Weak convergence of the approximation scheme to the true reflected SDE solutions

Representation of the approximated derivative as a projection of the interpolated Brownian motion

Application to geometric properties of reflected Brownian motion in specific domains

Abstract

In this paper we consider the Stratonovich reflected stochastic differential equation $dX_t=\sigma(X_t)\circ dW_t+b(X_t)dt+dL_t$ in a bounded domain $\O$ which satisfies conditions, introduced by Lions and Sznitman, which are specified below. Letting $W^N_t$ be the $N$-dyadic piecewise linear interpolation of $W_t$ what we show is that one can solve the reflected ordinary differential equation $\dot X^N_t=\sigma(X^N_t)\dot W^N_t+b(X^N_t)+\dot L^N_t$ and that the distribution of the pair $(X^N_t,L^N_t)$ converges weakly to that of $(X_t,L_t)$. Hence, what we prove is a distributional version for reflected diffusions of the famous result of Wong and Zakai.

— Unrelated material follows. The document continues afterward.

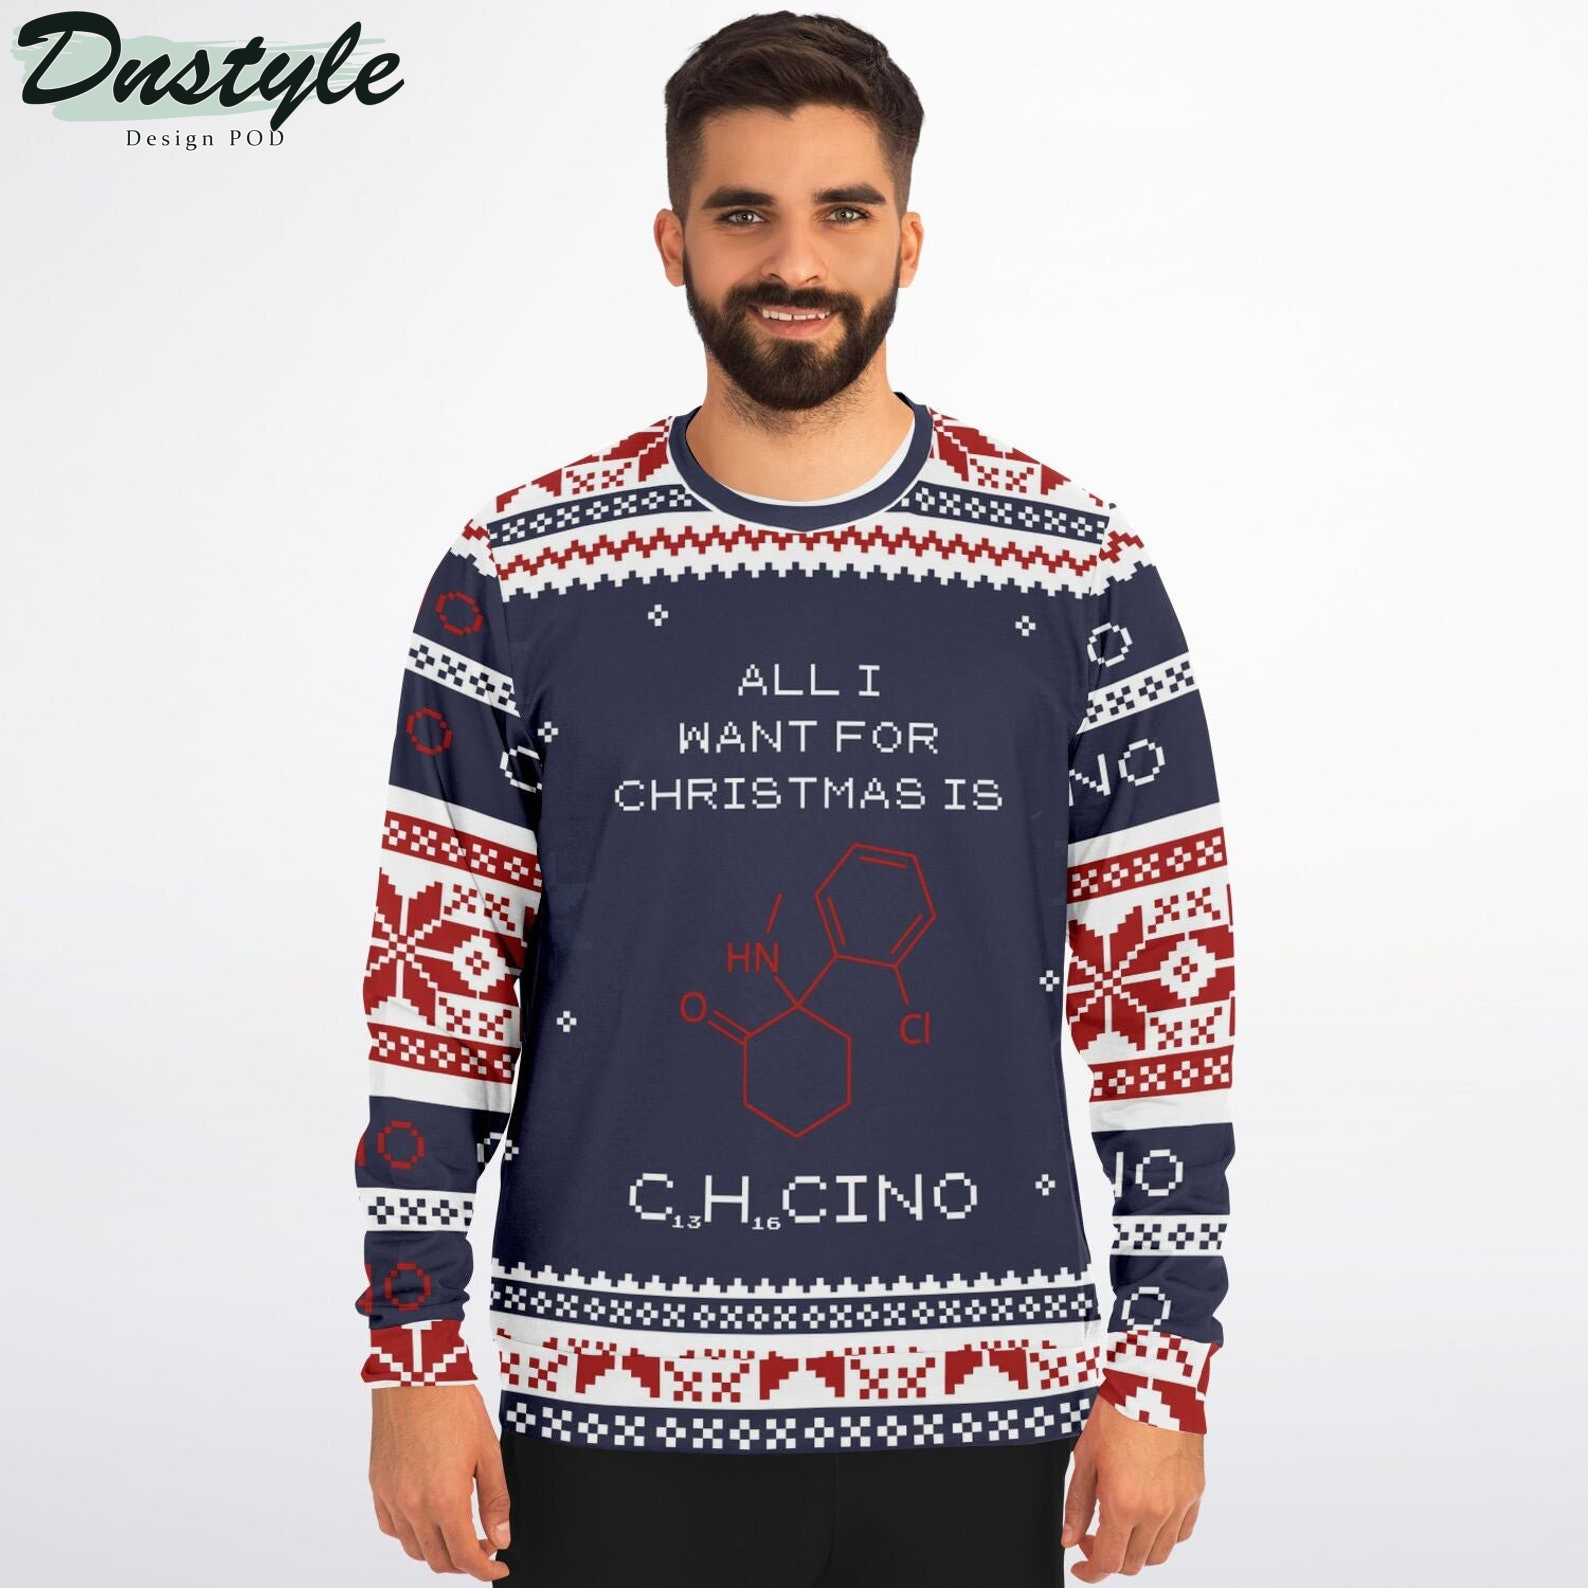 All I Want For Christmas C13H16ClNO 2022 Ugly Sweater

Perhaps the most valuable contribution made by our procedure derives from the representation of $\dot X^N_t$ in terms of a projection of $\dot W_t^N$. In particular, we apply our result in hand to derive some geometric properties of coupled reflected Brownian motion in certain domains, especially those properties which have been used in recent work on the "hot spots" conjecture for special domain.